**WHAT IS BEING ASKED**: From the line containing "Female - NEW" through the last line of the listing, output each line exactly as it stands. Omit pictures.

*** DATA EXCERPT Section Begins ***

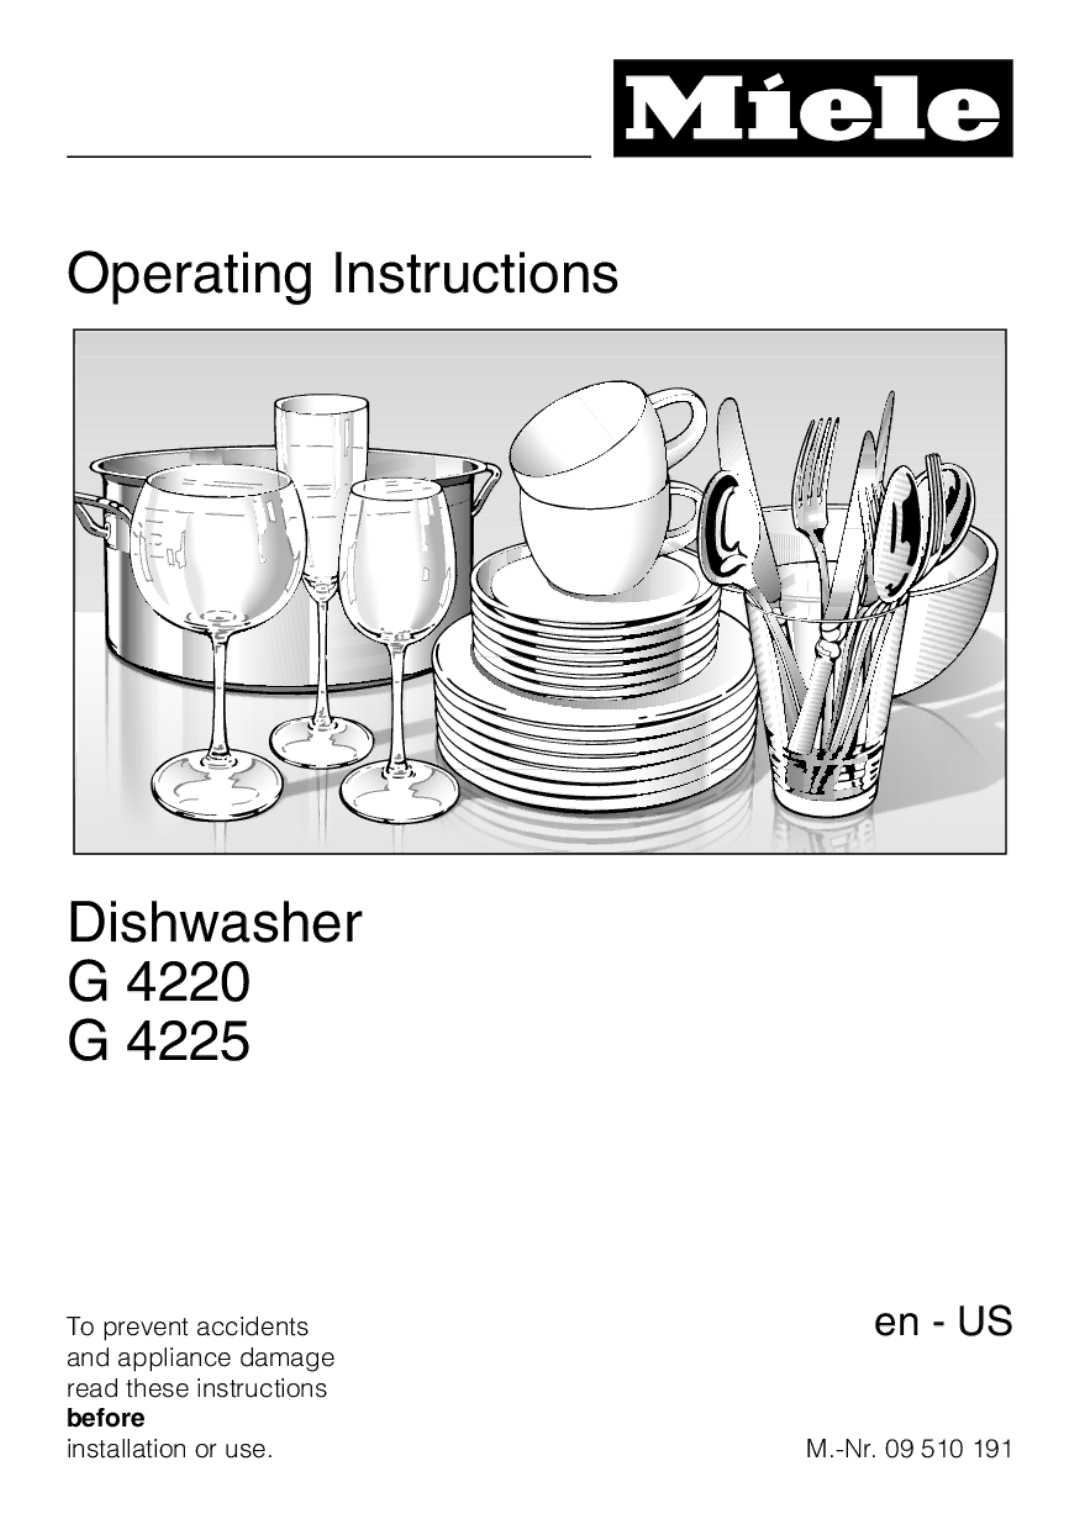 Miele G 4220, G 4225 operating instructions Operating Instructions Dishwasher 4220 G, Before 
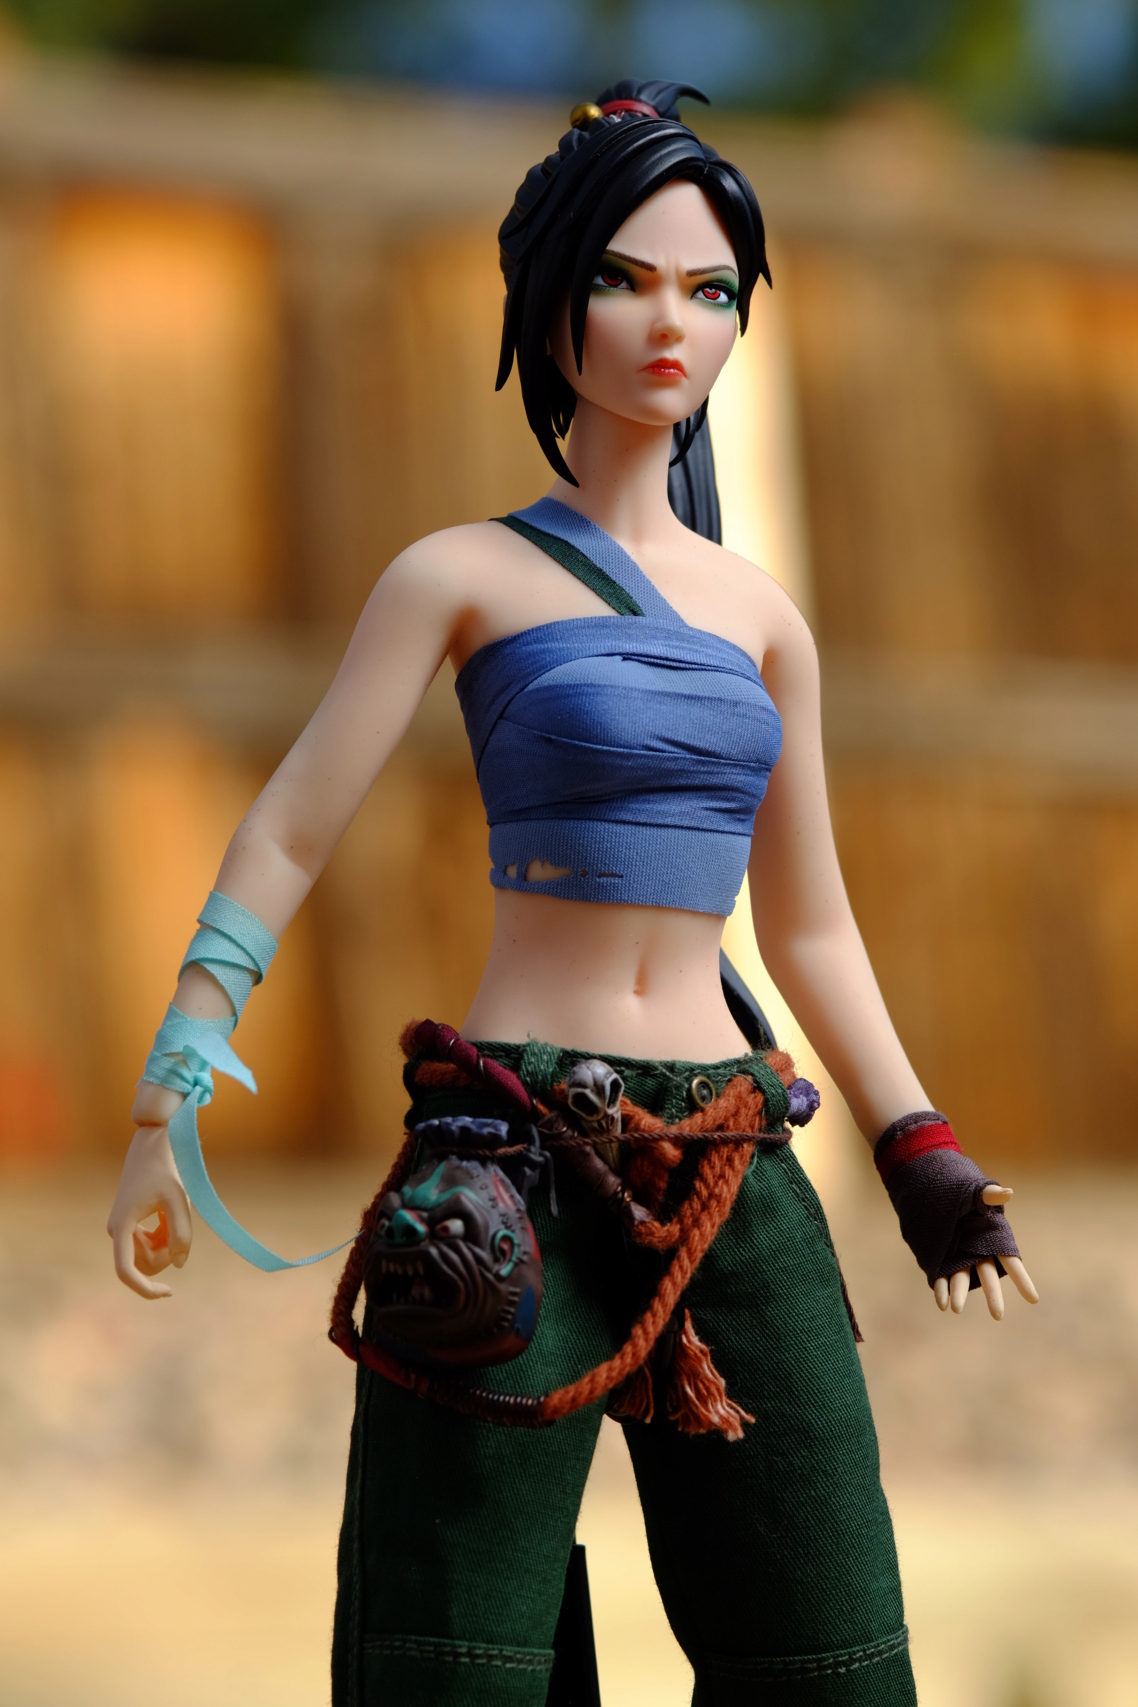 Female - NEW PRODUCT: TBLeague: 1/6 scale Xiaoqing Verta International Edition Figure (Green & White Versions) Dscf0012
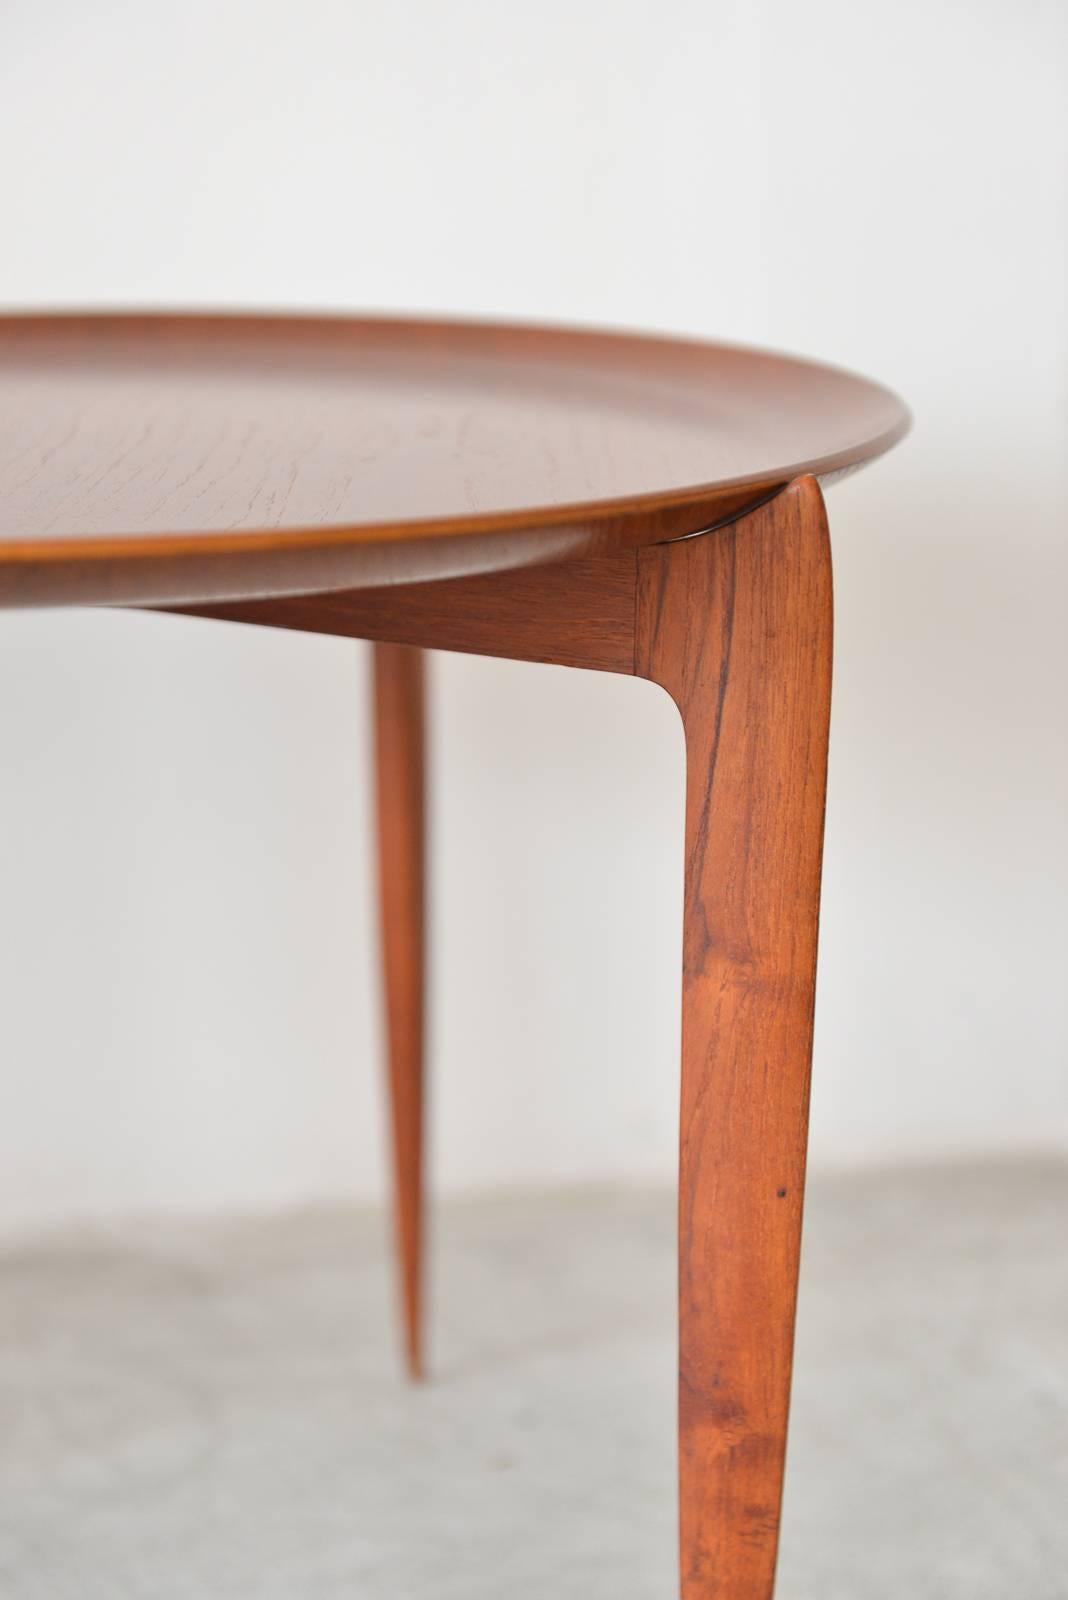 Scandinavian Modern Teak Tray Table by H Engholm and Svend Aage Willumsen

*** DATA EXCERPT Section Ends ***

**RESPONSE FOR THIS EXERCISE**:
 Female - NEW PRODUCT: TBLeague: 1/6 scale Xiaoqing Verta International Edition Figure (Green & White Versions) Dscf0012
 Scandinavian Modern Teak Tray Table by H Engholm and Svend Aage Willumsen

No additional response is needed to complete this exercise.